Escharina woodiana (Busk, 1859)
Colonies are encrusting, multiserial, sheet-like, sometimes irregularly lobate. The ancestrula and early astogeny have not been described. Multiple basal pore chambers are visible ringing the zooids in abraded colonies, about 5 or 6 along each wall directly beneath the areolar pores.
Autozooids are elongated rhomboidal in outline shape, averaging about 0.55 mm long by 0.45 mm wide. The frontal shield is convex, covered by large nodules, and bordered by areolar pores but lacking pseudopores elsewhere on the surface. A raised mucro is present some distance proximally of the orifice, with a smooth area of frontal shield intervening between it and the orifice. The orifice is hemielliptical, wider than long, about 0.10 mm wide in non-ovicellate autozooids but 0.14 mm wide in ovicellate autozooids, with a small, broadly V-shaped sinus in the proximal edge. Oral spines generally number 6 in non-ovicellate autozooids but are lacking in ovicellate autozooids. An uncalcified window is present in the basal walls of the autozooids. The ovicell is globular, with an imperforate surface covered by nodules similar to those of the frontal shield.
Adventitious avicularia are paired either side of the orifice, small in size and represented by oval openings; the pivotal bar appears to be uncalcified.
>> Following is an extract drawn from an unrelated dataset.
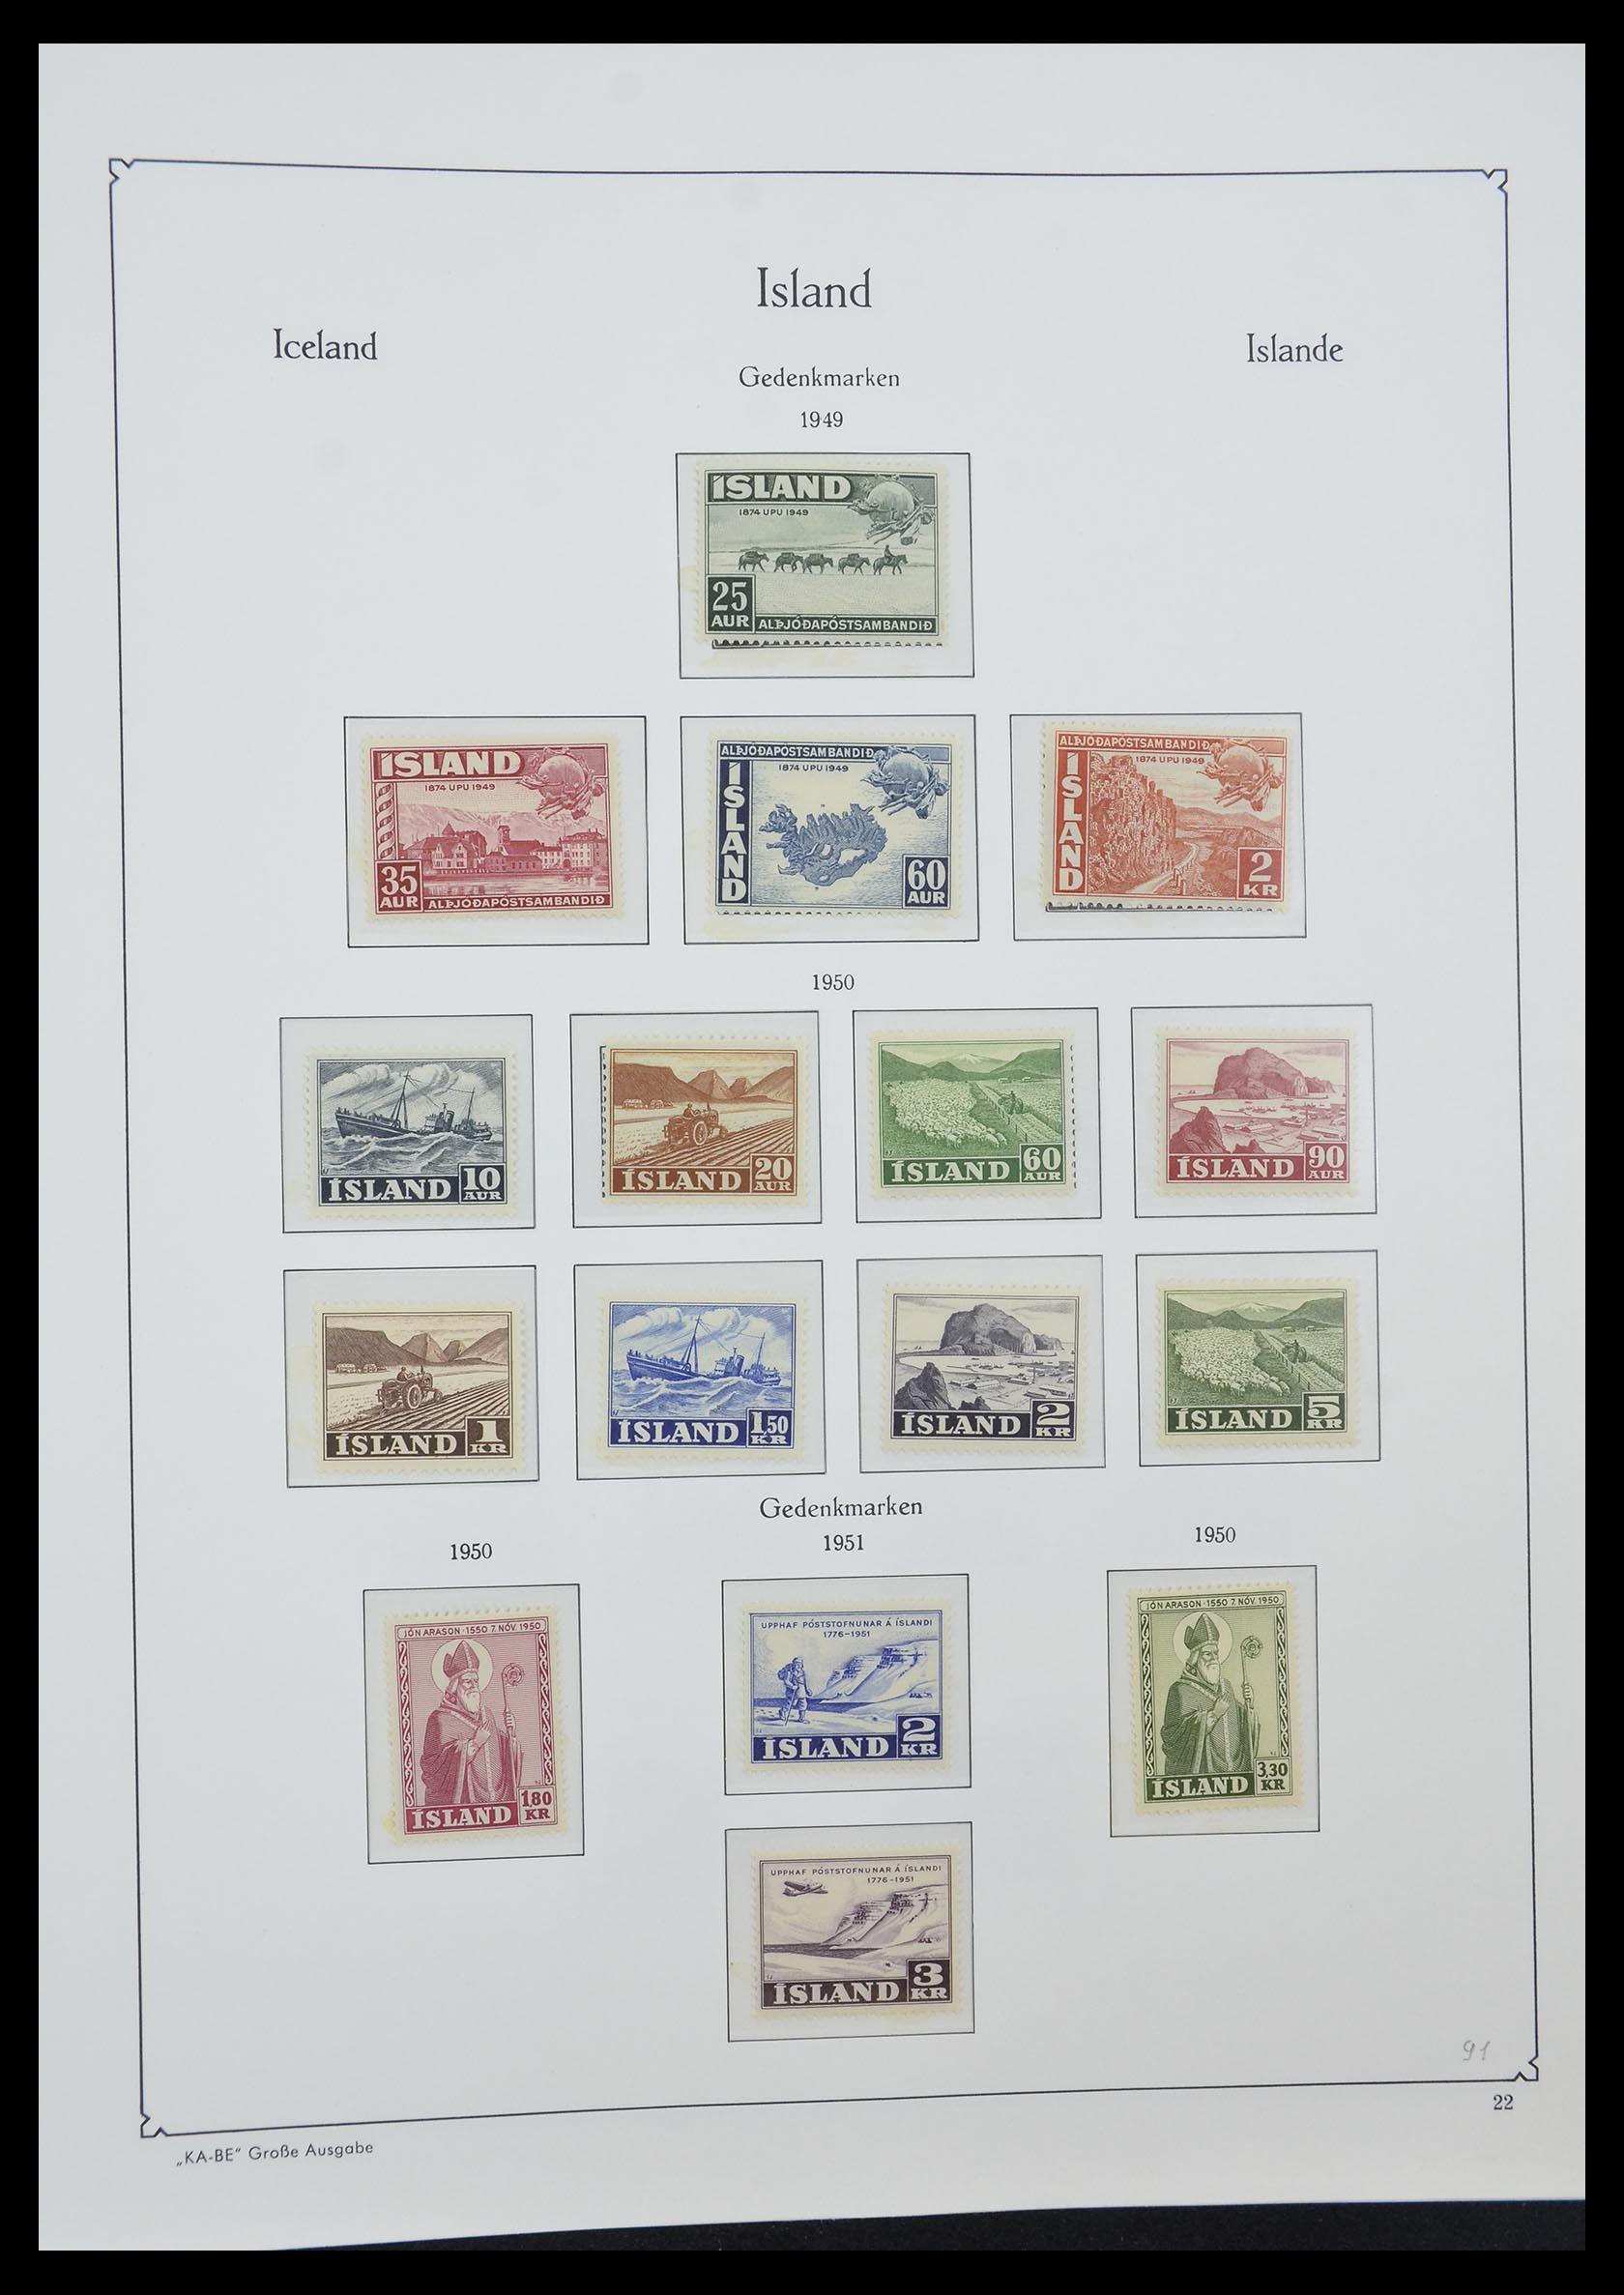 33185 005 - Postzegelverzameling 33184 Finland 1856-1990.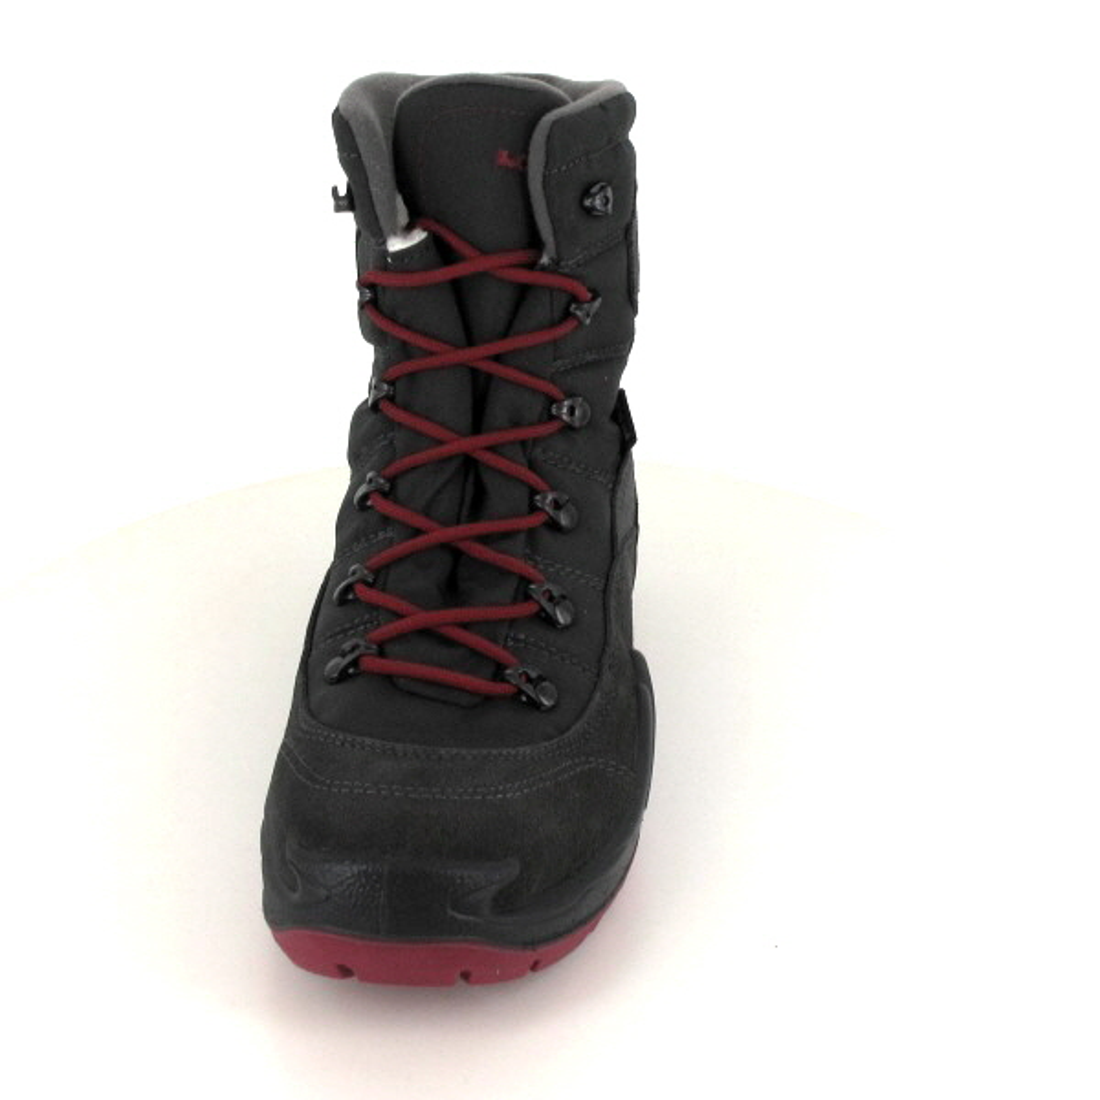 sneakers sneakers for cheap quality Lowa RUFUS III GTX HI | Schuh-Welt - Wo Markenschuhe günstig ...

This poorly known species of Escharina differs in several respects from the commoner Coralline Crag species E. milneana (Busk, 1859). Notably, E. woodiana has a small avicularium on each side of the orifice whereas E. milneana has a single, large avicularium proximolaterally of the orifice. In addition, the frontal shield possesses non-marginal pores and there is no mucro in E. milneana.
Pliocene, Late Zanclean–Early Piacenzian, Coralline Crag Formation, Suffolk, UK.